Losing my mind here, it's been a month of increasing blue screens. Only occurs when I play a graphically intensive game or do GPU training using PyTorch.
Windows 10, Ryzen 5600x, ASRock B550m-ITX/ac mobo, 3080 RTX. My ram is DDR4 3600 rated. I have the latest chipset drivers, BIOS firmware, etc. I've reset settings on BIOS multiple times now, there's no overclocking going on, I've tried XMP profile, non-XMP, i've tried 3200mhz for the memory and i've also tried slowing the timings a bit. Memtest86+ passes totally fine. I've tried Prime95 for ten minutes or so and couldn't get a crash. Ive tried single sticks of ram, the only weird thing I noticed is a single stick in the slot closest to the CPU makes it so the system won’t boot (won’t even post).

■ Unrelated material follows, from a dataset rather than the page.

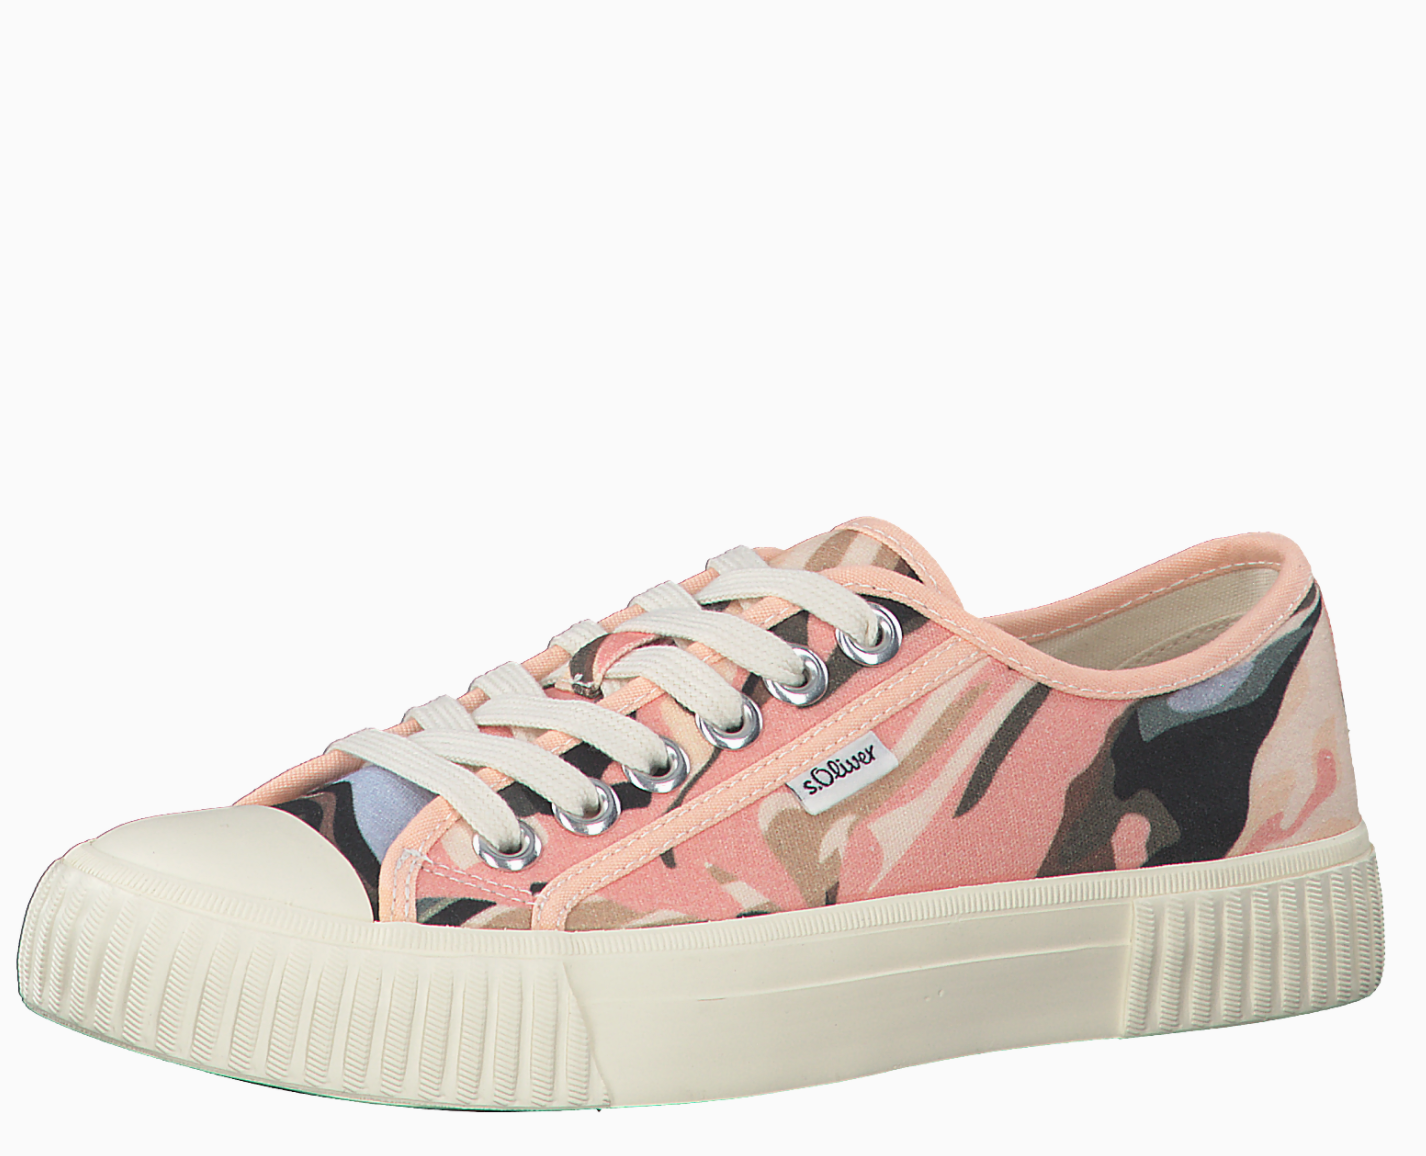 S.Oliver Womens Canvas Fashion Trainer - Pink

Things that crash my system: running PyTorch training (really inconsistent though, sometimes I can train for hours and it's fine, other times it crashes within 10 minutes), playing Starfield for a few minutes.
Because of my crash cases, I feel like it may be GPU related, but my dump files all talk about AMD issues. (I’ll have to post dump files tomorrow, pastebin links won’t work for some reason, but dump files always mention authenticAMD or something)
Any help would be massively appreciated, I really don't know what to do now aside from starting to replace components, and even then I don't know if i start with my GPU or CPU or memory.